Electric has a one-dimensional compacter that can work in a batch style or can function incrementally. When turned on, it adjusts the layout to its minimal design-rule separation. If the compacter remains on, it will close up the circuit when objects are deleted and will spread open the layout to make room for new components.
There are two Programmable-Logic-Array generators in Electric: one specifically tailored for nMOS layout and another that is a general-purpose tiling engine. Both work from personality tables that describe an array of elements. The nMOS PLA generator produces all the surrounding circuitry, including drivers and power connections, so that a complete functioning module is available. The general-purpose PLA generator produces only those arrays of logic without any interconnect. However, it works from a user-specified library of array elements and orientation examples, so this library can include any peripheral circuitry.
The QUISC silicon compiler accepts a structural VHDL description of a circuit and a standard cell library. It compiles the VHDL to a netlist, places the standard cells, and routes them to create layout for the VHDL [Kostiuk].

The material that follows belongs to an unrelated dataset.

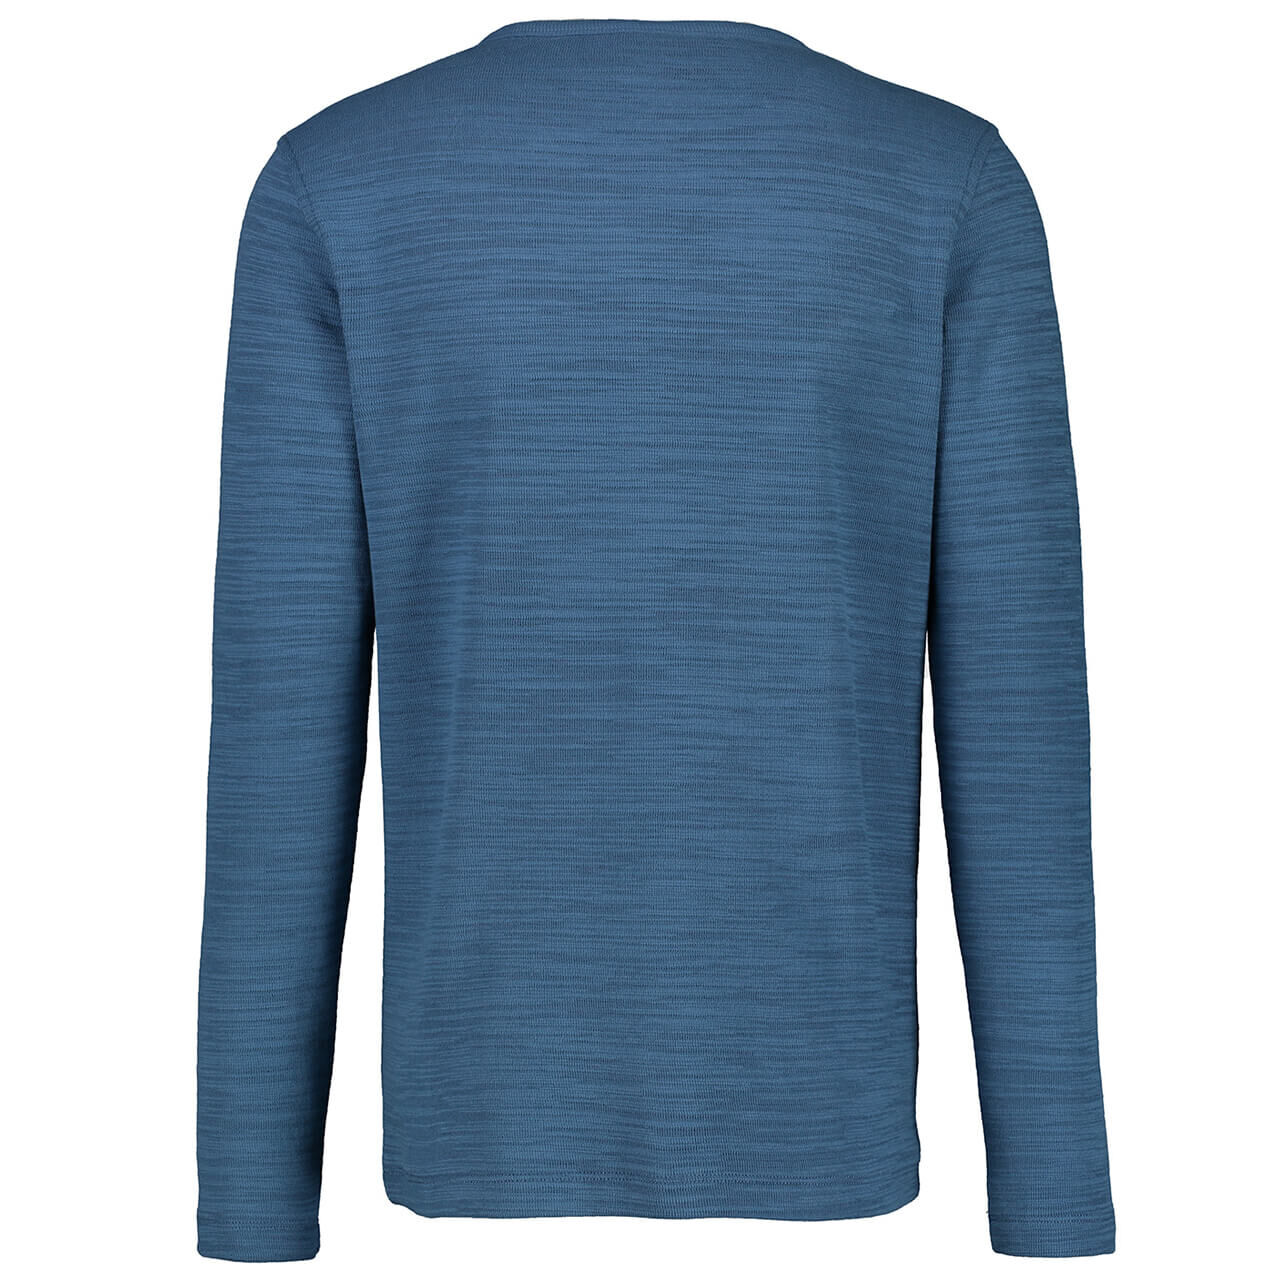 Lerros Serafino Langarm Shirt für Herren in Blau, FarbNr.: 432

The VHDL compiler is particularly interesting because it is able to produce a number of different netlist formats, and it can therefore drive the simulator as well as the silicon compiler. Also, the VHDL compiler can function in reverse, generating VHDL from a schematic. Therefore, users who wish to simulate or build layout from a schematic can do so easily.
The compensation system adjusts geometry to account for process-specific manufacturing effects. It can understand actual process features (such as laser writer parameters) and adjusts geometry properly, regardless of the direction of compensation. The system even understands interior versus exterior geometry and knows to move edges differently if they are defining a hole.
There is a network-maintainer tool that merely propagates node information throughout the circuit whenever a change is made. It keeps lists of net names and can highlight any connected path.
Many other tools could fit easily in Electric: Analysis tools such as power estimation, timing verification, and test-vector generation would all be useful. More synthesis tools such as floor-planners and better routers will someday be added. Not only is the list of different tools unbounded, but the number of tools in a given class can grow to accommodate experimental versions of any CAD algorithm. Electric's integration scheme is designed to be able to incorporate modularly any VLSI CAD tool.